Siemens Medical Solutions USA, Inc., 810 Innovation Drive, Knoxville, TN, 37932, USA.
Joint Department of Medical Imaging, Princess Margaret Cancer Centre, Mount Sinai Hospital and Women's College Hospital, University of Toronto, University Health Network, 610 University Ave, Toronto, Ontario, M5G 2M9, Canada.
Eur J Nucl Med Mol Imaging. 2021 Nov;48(12):3817-3826. doi: 10.1007/s00259-021-05413-0. Epub 2021 May 22.
Artificial intelligence (AI) algorithms based on deep convolutional networks have demonstrated remarkable success for image transformation tasks. State-of-the-art results have been achieved by generative adversarial networks (GANs) and training approaches which do not require paired data. Recently, these techniques have been applied in the medical field for cross-domain image translation.
This study investigated deep learning transformation in medical imaging. It was motivated to identify generalizable methods which would satisfy the simultaneous requirements of quality and anatomical accuracy across the entire human body. Specifically, whole-body MR patient data acquired on a PET/MR system were used to generate synthetic CT image volumes. The capacity of these synthetic CT data for use in PET attenuation correction (AC) was evaluated and compared to current MR-based attenuation correction (MR-AC) methods, which typically use multiphase Dixon sequences to segment various tissue types.
This work aimed to investigate the technical performance of a GAN system for general MR-to-CT volumetric transformation and to evaluate the performance of the generated images for PET AC. A dataset comprising matched, same-day PET/MR and PET/CT patient scans was used for validation.

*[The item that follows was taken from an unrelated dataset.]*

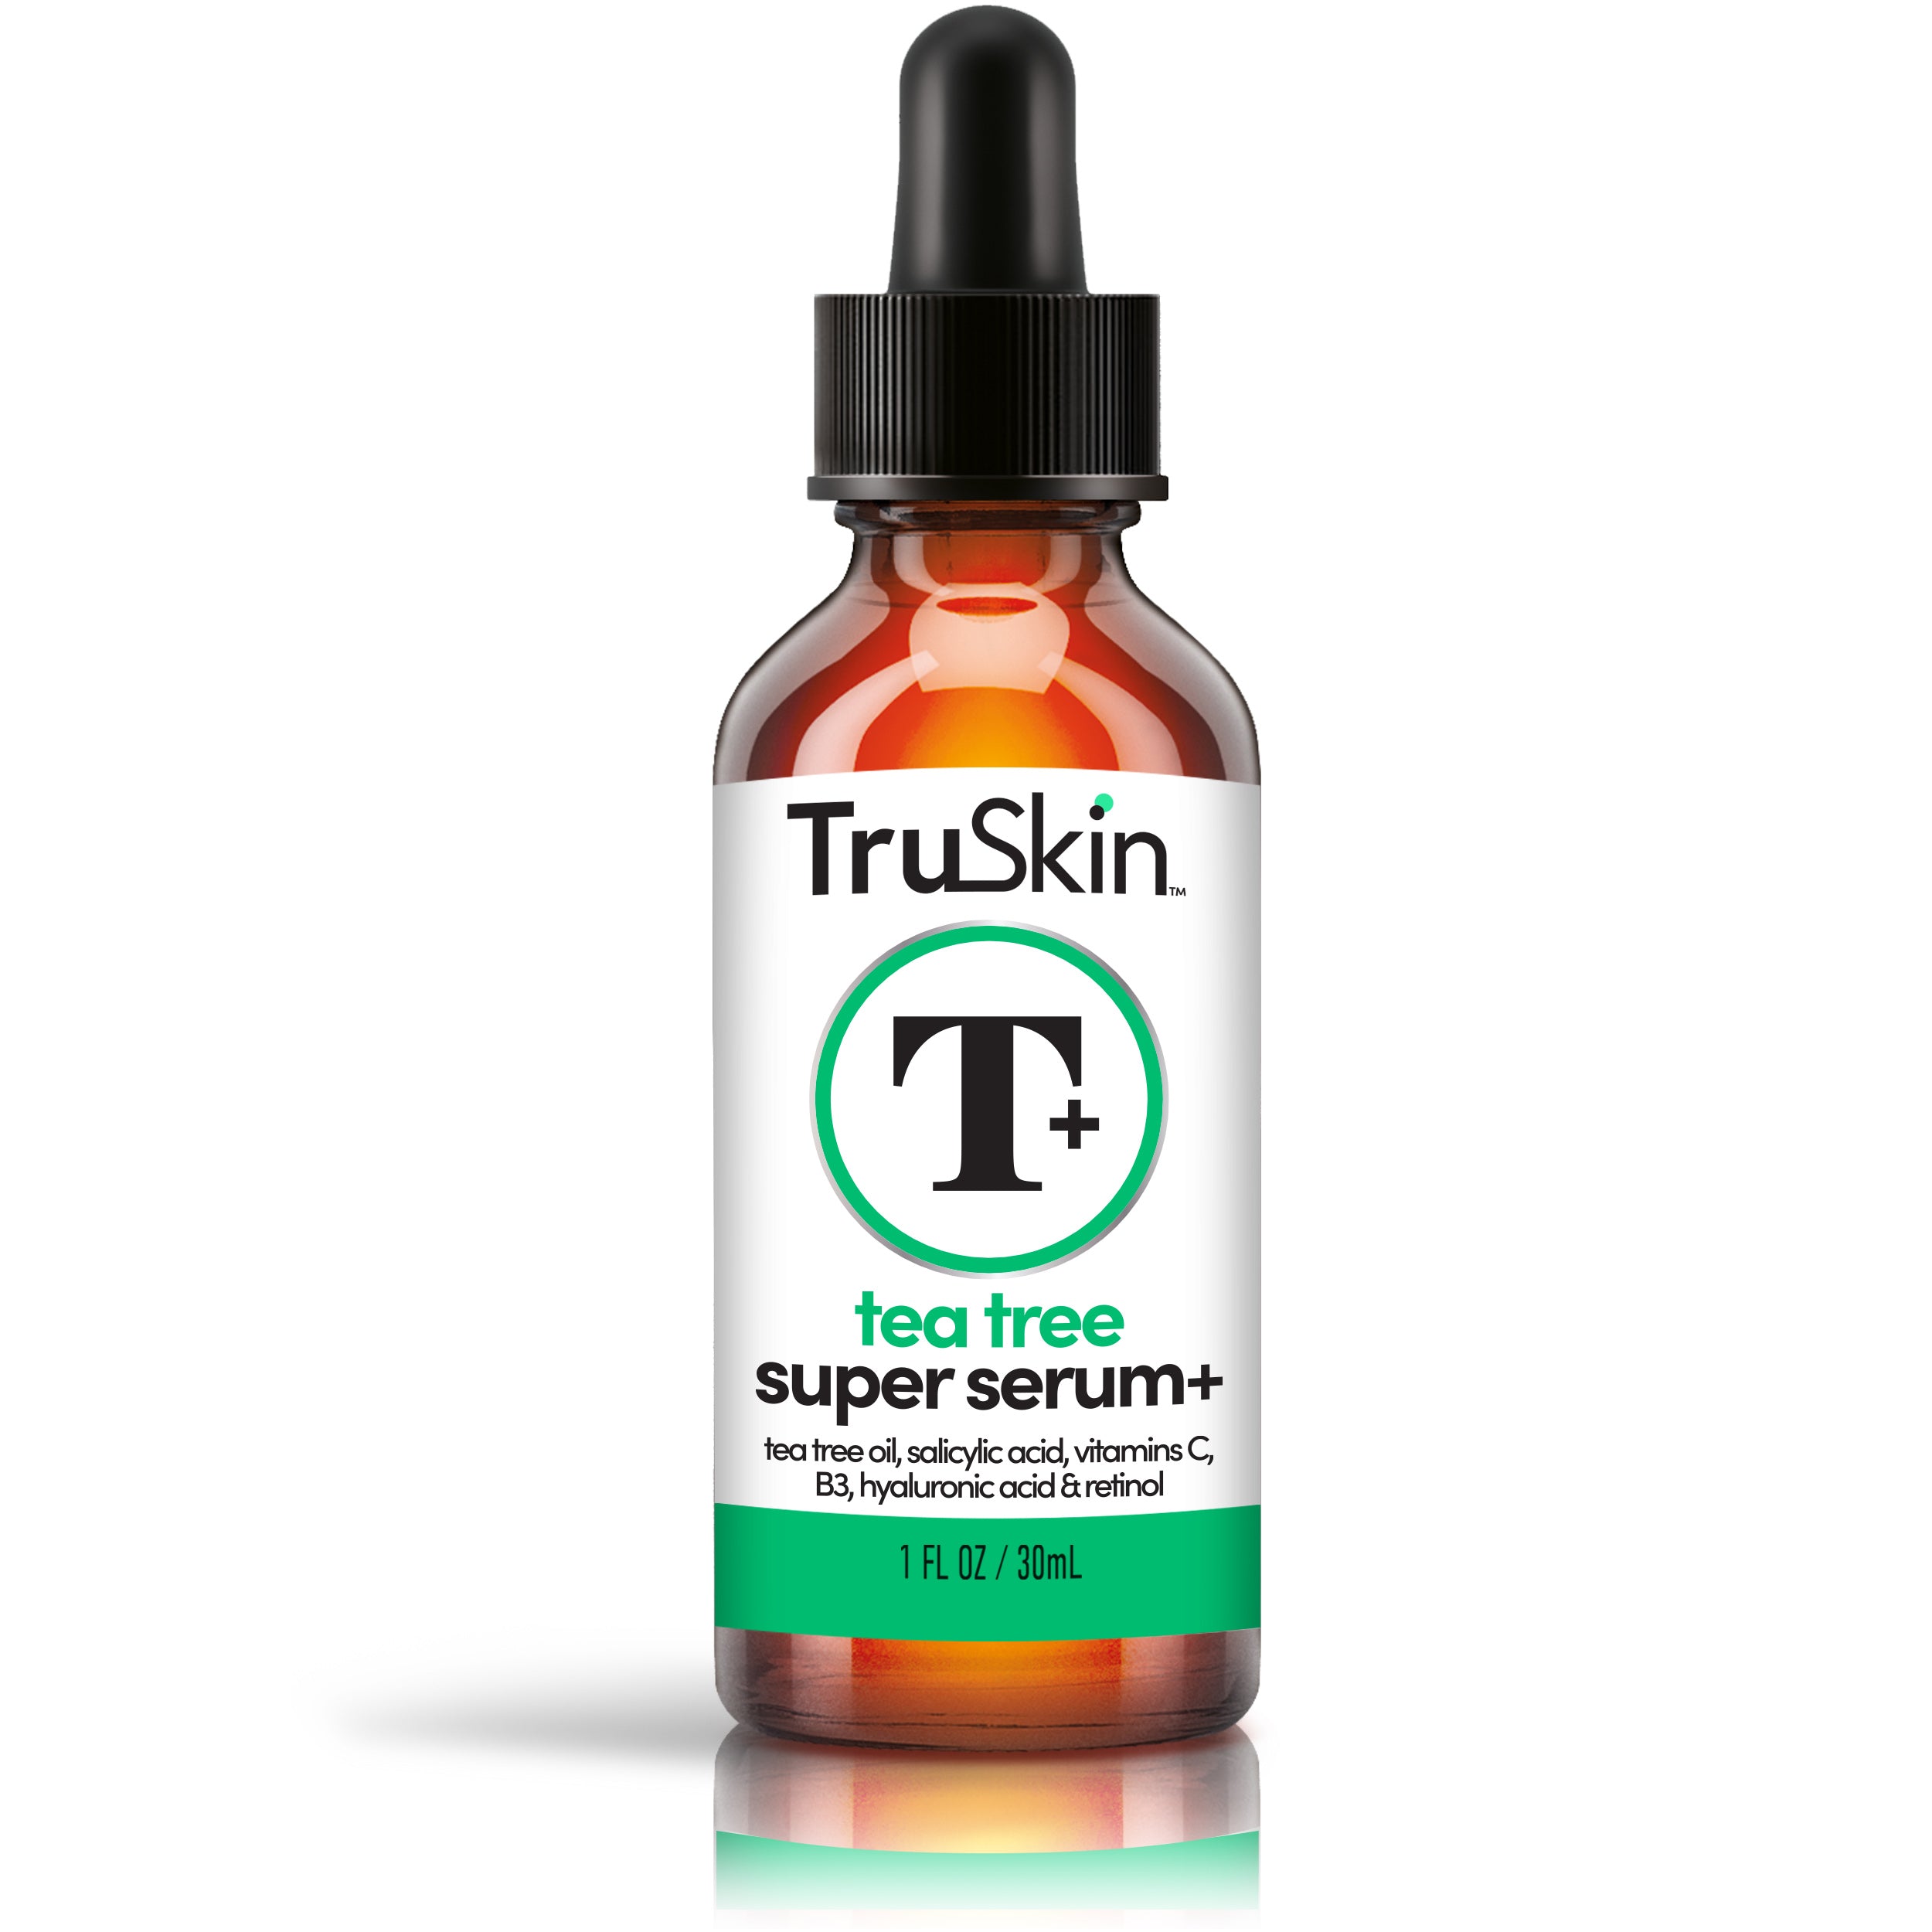 TruSkin Tea Tree Super Serum+

A combination of training techniques was used to produce synthetic images which were of high-quality and anatomically accurate. Higher correlation was found between the values of mu maps calculated directly from CT data and those derived from the synthetic CT images than those from the default segmented Dixon approach. Over the entire body, the total amounts of reconstructed PET activities were similar between the two MR-AC methods, but the synthetic CT method yielded higher accuracy for quantifying the tracer uptake in specific regions.
The findings reported here demonstrate the feasibility of this technique and its potential to improve certain aspects of attenuation correction for PET/MR systems. Moreover, this work may have larger implications for establishing generalized methods for inter-modality, whole-body transformation in medical imaging. Unsupervised deep learning techniques can produce high-quality synthetic images, but additional constraints may be needed to maintain medical integrity in the generated data.
基于深度卷积网络的人工智能(AI)算法在图像转换任务中取得了显著的成功。生成对抗网络(GAN)和不需要配对数据的训练方法已经取得了最先进的结果。最近,这些技术已经应用于医学领域的跨域图像翻译。
本研究调查了医学成像中的深度学习转换。其目的是确定能够满足全身质量和解剖准确性的通用方法。具体来说,使用在 PET/MR 系统上获得的全身 MR 患者数据生成合成 CT 图像体积。评估了这些合成 CT 数据在 PET 衰减校正(AC)中的使用能力,并与当前基于 MR 的衰减校正(MR-AC)方法进行了比较,后者通常使用多相位 Dixon 序列对各种组织类型进行分割。
本工作旨在研究用于通用 MR-to-CT 容积转换的 GAN 系统的技术性能,并评估生成图像在 PET AC 中的性能。使用包含同一天 PET/MR 和 PET/CT 患者扫描的匹配数据集进行验证。
使用了多种训练技术来生成高质量和解剖准确的合成图像。从 CT 数据直接计算的 mu 图值与从合成 CT 图像得出的值之间的相关性高于从默认分割 Dixon 方法得出的值。在整个身体中,两种 MR-AC 方法之间重建的 PET 活动总量相似,但合成 CT 方法在量化特定区域的示踪剂摄取方面具有更高的准确性。
这里报告的结果证明了该技术的可行性及其在提高 PET/MR 系统衰减校正某些方面的潜力。此外,这项工作可能对建立医学成像中跨模态、全身转换的通用方法具有更大的意义。无监督深度学习技术可以生成高质量的合成图像,但在生成的数据中可能需要额外的约束来保持医学完整性。